Gather statistics for CBO
This topic describes the basic concept of CelerData CBO and how to collect statistics for the CBO. CelerData introduces histograms to gather accurate data distribution statistics.
What is CBO
Cost-based optimizer (CBO) is critical to query optimization. After an SQL query arrives at CelerData, it is parsed into a logical execution plan. The CBO rewrites and transforms the logical plan into multiple physical execution plans. The CBO then estimates the execution cost of each operator in the plan (such as CPU, memory, network, and I/O) and chooses a query path with the lowest cost as the final physical plan.
CelerData CBO is enabled by default. Developed upon the Cascades framework, CelerData CBO estimates cost based on various statistical information. It is capable of choosing an execution plan with the lowest cost among tens of thousands of execution plans, significantly improving the efficiency and performance of complex queries.

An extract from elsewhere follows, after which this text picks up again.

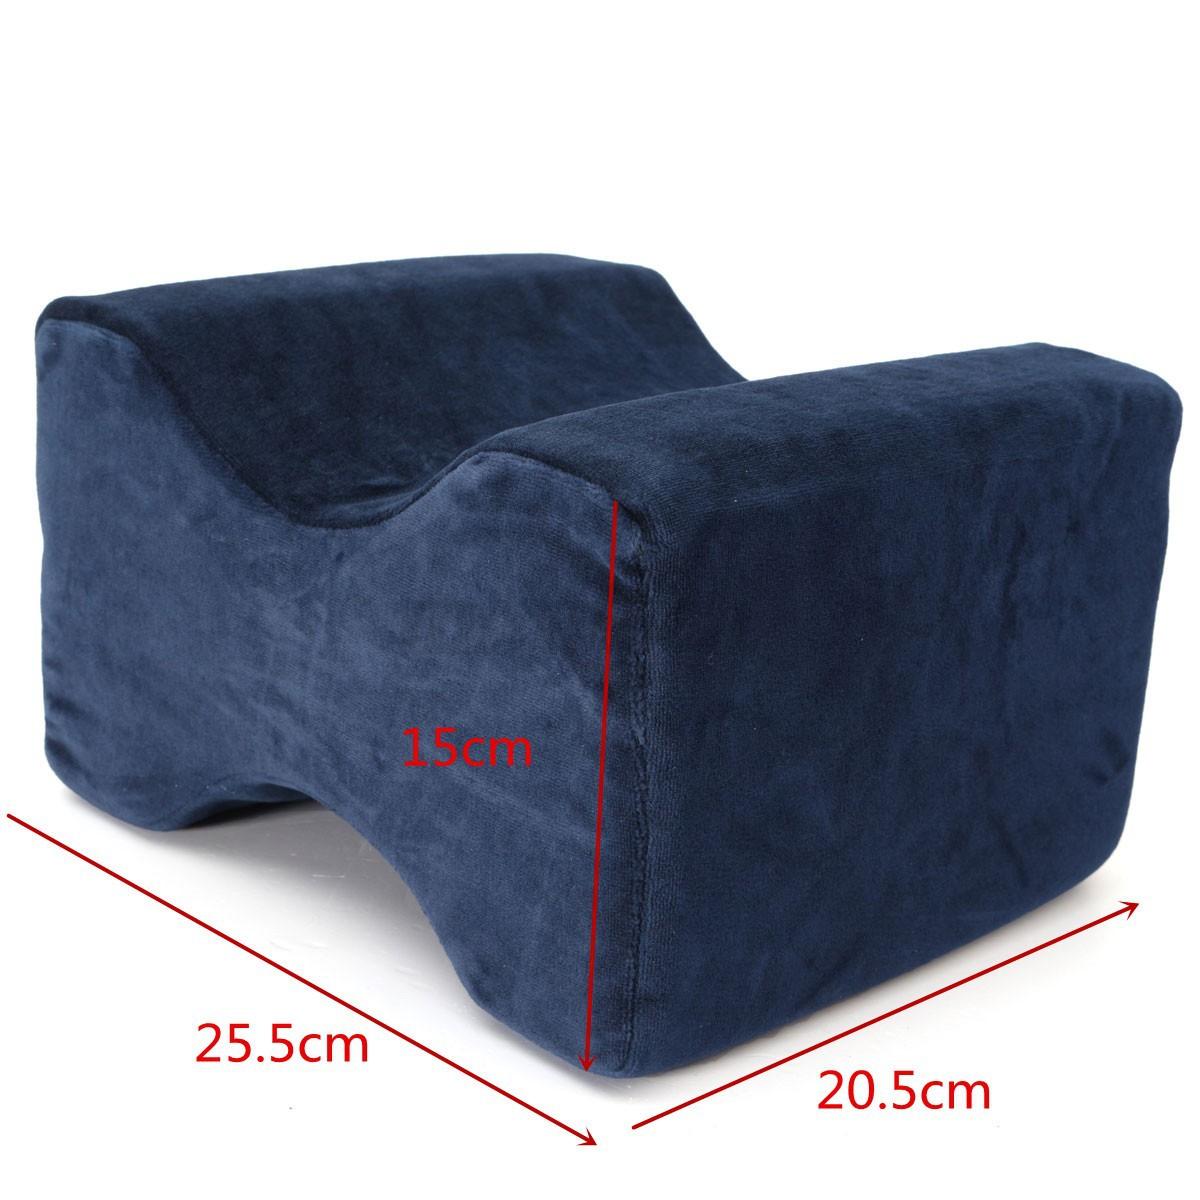 Contour Memory Foam Leg Pillow Orthopaedic Back Knee

Statistics are important for the CBO. They determine whether cost estimation is accurate and useful. The following sections detail the types of statistical information, the collection policy, and how to collect statistics and view statistical information.
Types of statistical information
CelerData collects a variety of statistics as the input for cost estimation.
Basic statistics
By default, CelerData periodically collects the following basic statistics of tables and columns:
- row_count: total number of rows in a table
- data_size: data size of a column
- ndv: column cardinality, which is the number of distinct values in a column
- null_count: the amount of data with NULL values in a column
- min: minimum value in a column
- max: maximum value in a column
Basic statistics are stored in the _statistics_.table_statistic_v1
table. You can view this table in the _statistics_
database of your CelerData cluster.
Histogram
CelerData introduces histograms to complement basic statistics. Histogram is considered an effective way of data representation. For tables with skewed data, histograms can accurately reflect data distribution.
CelerData uses equi-height histograms, which are constructed on several buckets. Each bucket contains an equal amount of data. For data values that are frequently queried and have a major impact on selectivity, CelerData allocates separate buckets for them. More buckets mean more accurate estimation, but may also cause a slight increase in memory usage. You can adjust the number of buckets and most common values (MCVs) for a histogram collection task.
Histograms are applicable to columns with highly skewed data and frequent queries.If your table data is uniformly distributed, you do not need to create histograms. Histograms can be created only on columns of numeric, DATE, DATETIME, or string types.
Currently, CelerData supports only manual collection of histograms. Histograms are stored in the _statistics_.histogram_statistics
table.
Collection types and methods
Data size and data distribution constantly change in a table. Statistics must be updated regularly to represent that data change. Before creating a statistics collection task, you must choose a collection type and method that best suit your business requirements.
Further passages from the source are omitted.